Match Review: Everton 3-1 Brighton

This sort of result was always going to come at some point. While Brighton and Hove Albion may have won their last three games in a row without conceding a goal, that hasn’t told the complete story about the Seagulls’ recent form.

Really, we were lucky to escape from both the Newcastle United and Wolverhampton Wanderers games with victory. The Toon Army mustered 27 shots at St James’ Park without scoring, mainly because they don’t possess a Premier League-standard striker.



Wolves meanwhile had 25 efforts at the Amex and they weren’t on the scoresheet purely because of the brilliance of Maty Ryan, who had three outrageous second half saves to preserve a clean sheet.

It’s asking a lot for Ryan to be that outstanding every week and for Lewis Dunk and Shane Duffy to head away and block everything that comes in their direction. Against a side with more quality than Newcastle or Wolves, we were always likely to be punished and so it proved against Everton.

In Richarlison, the Toffees had the best player on the pitch by some distance. Many eyebrows were raised when Marco Silva paid £50m to Watofrd for a forward who hadn’t scored a goal since November but he was superb at Goodison Park, scoring Everton’s first and third goals in what was a comfortable afternoon for the hosts.

The tone was set virtually from kick off as Gylfi Sigurdsson missed two good chances inside of the first 15 minutes with Everton taking the lead of 26. The Albion’s difficulties in defending set pieces last season were well documented but this was a new one as it was actually from our own corner that the Toffees took the lead.
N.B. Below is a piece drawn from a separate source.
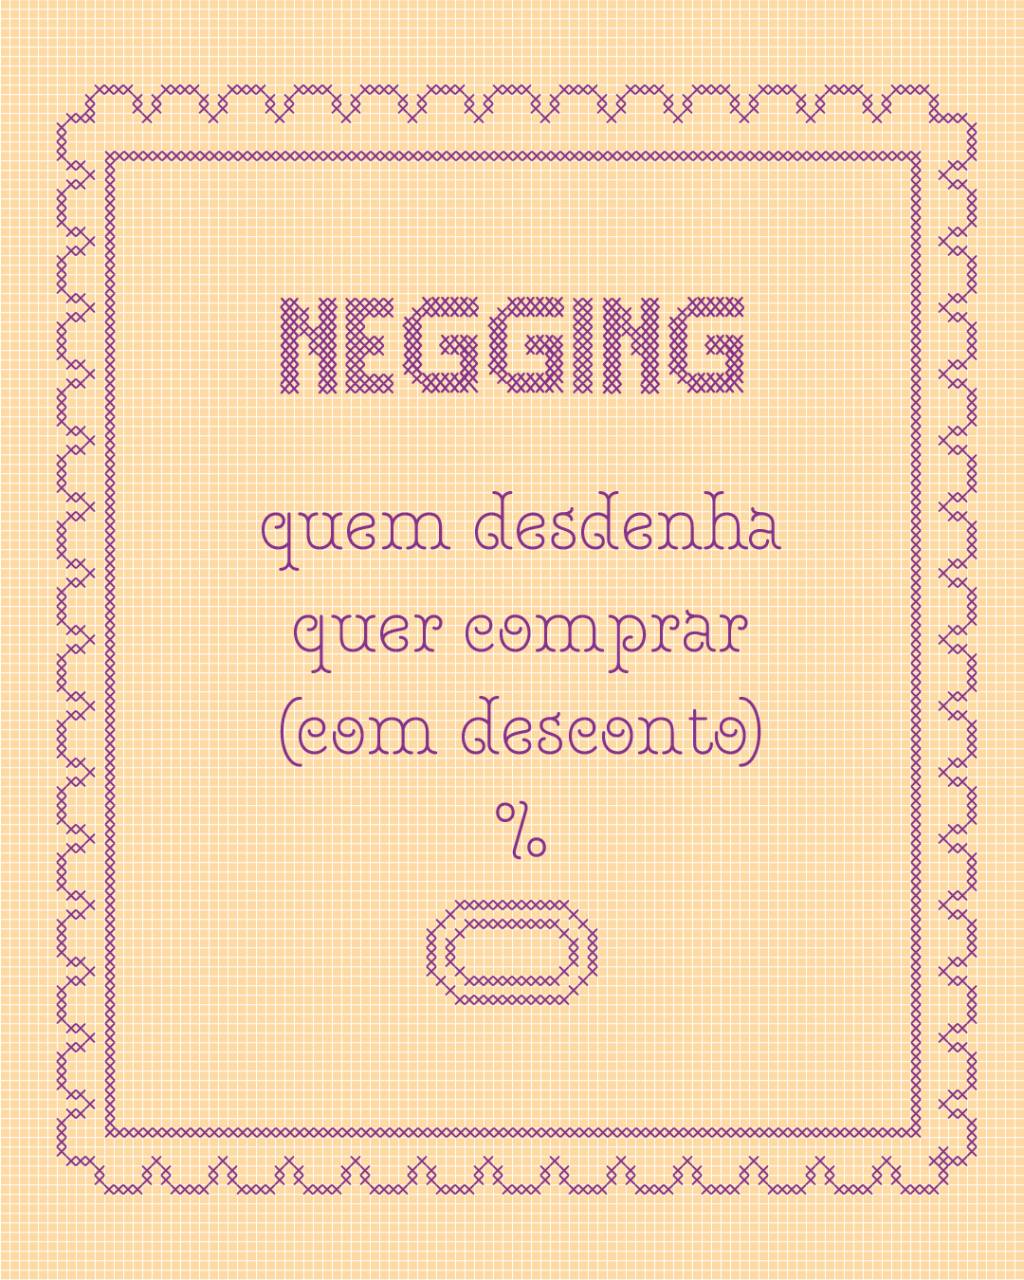 negging

Alireza Jahanbakhsh’s delivery wasn’t a great one with the ball flying harmlessly to the back post. Everton cleared and within 20 seconds had broken quicker than John Prescott to an all-you-can-buffet with Richarlison finishing past Ryan for 1-0.
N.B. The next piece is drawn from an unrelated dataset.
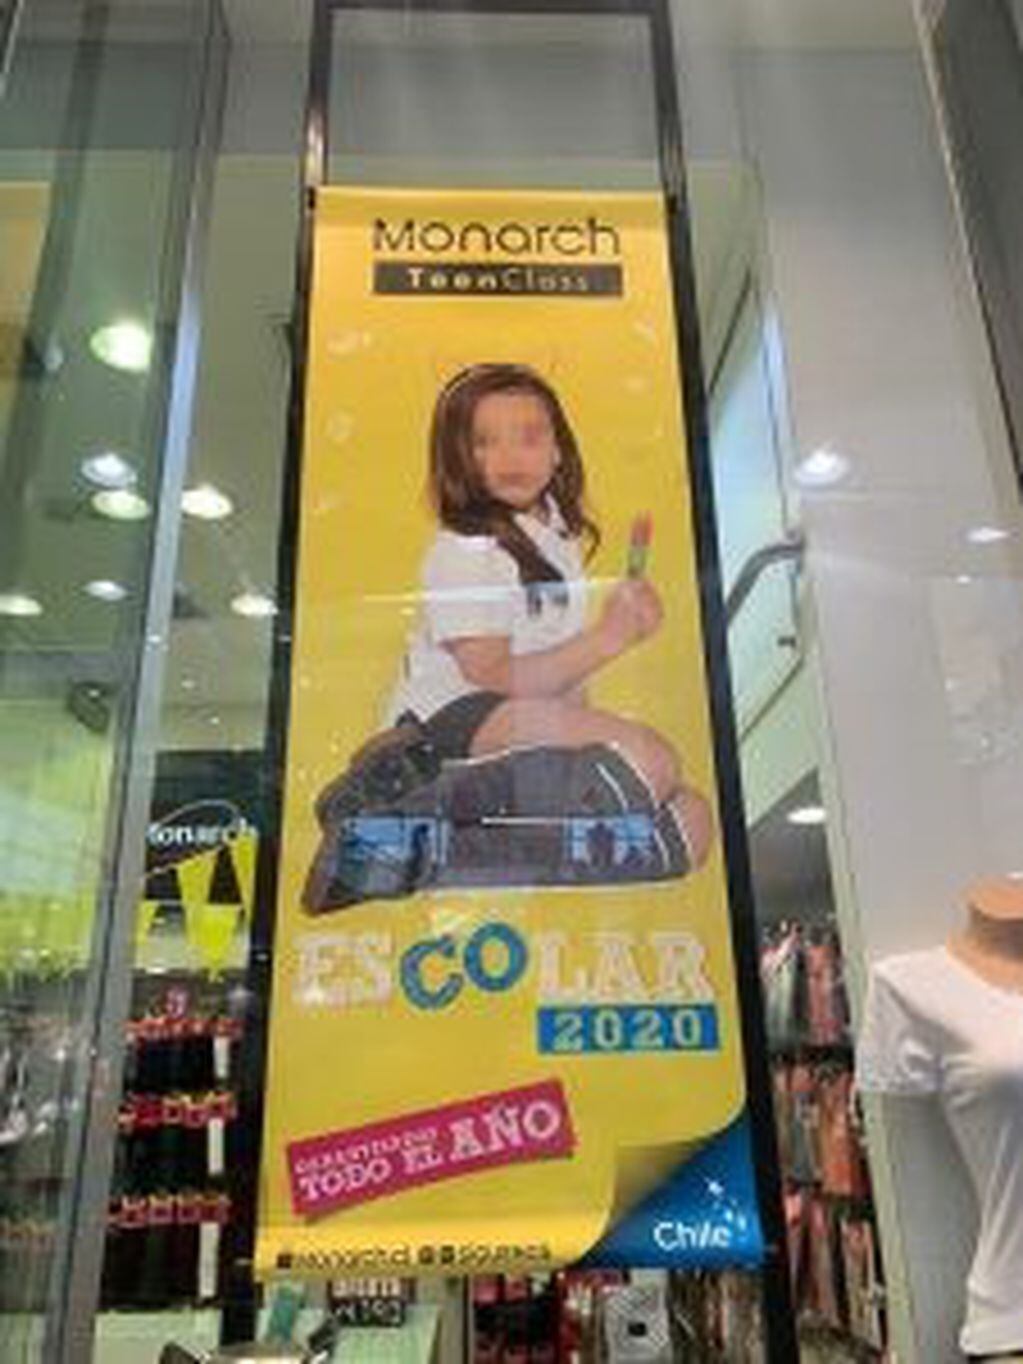 El anuncio de la marca 'Monarch'.

It was another largely frustrating afternoon for Jahanbakhsh. He has now started the past four games and while he doesn’t ever do anything badly, he doesn’t really do much right either. He just doesn’t seem to offer much at all, especially not for the club-record £17m paid, other than bringing in the likes and comments of millions of Iranians to the club’s Instagram feed.

Maybe he needs more time to settle in but at the moment he doesn’t offer anymore than Anthony Knockaert, whose place he has taken. There was one moment in the second half when Glenn Murray went apoplectic with rage at Jahanbakhsh which pretty much summed things up and it was a real surprise when Chris Hughton decided to haul Jose Izquierdo rather than the Iranian.

Having said all that, Jahanbakhsh did play a part in the Albion’s equaliser. He started off the well-worked short corner routine that saw the ball passed to March whose cross was then headed in by Lewis Dunk. 1-1 at the break and the game looked nicely balanced.

Brighton blew it though in the second half. The Albion weren’t able to string more than a couple of passes together and within five minutes of the restart Everton went back into the lead. They’d hit the post through Idrissa Gueye inside of 120 seconds and there was nothing the upright nor Ryan could do to keep out Seamus Coleman’s effort.

Richarlison put the game beyond doubt with 15 minutes remaining after a terrible effort from Dunk. His loose square pass went straight to the feet of the Brazilian who then went around both Duffy and Ryan to put the result beyond doubt.

It was a real egg-on-face moment for Dunk and couldn’t have come at a worse time given that England manager Gareth Southgate was in the stands. Southgate’s presence seems to bring out the worst in Dunk – the first time he came to check out the defender was away at Huddersfield Town last season when the Albion were woeful in going down to a 2-0 defeat at the John Smiths Stadium. Perhaps it would be best if Southgate stayed away from now on.

Jordan Pickford was finally forced into a meaningful save right at the death when he tipped over a Jahanbakhsh effort and we finally got to see £5m signing from Deportivo La Coruna Florin Andone, who was given the final 10 minutes. It was an interesting cameo from the Romanian striker who looked a real handful in his brief time on the pitch, certainly more so than Jurgen Locadia. With Andone fit, perhaps Hughton will consider playing him and Murray in tandem at home as March again looked a little lost in the number 10 role.



The result brings to an end the Albion’s three game winning run, proving just how hard it is for any side outside of the top six to put together a string of victories in this division. Everton are a quality outfit that look best placed of anyone to break into the European places and given that we’ve never won at Goodison Park before, the result probably shouldn’t come as surprise.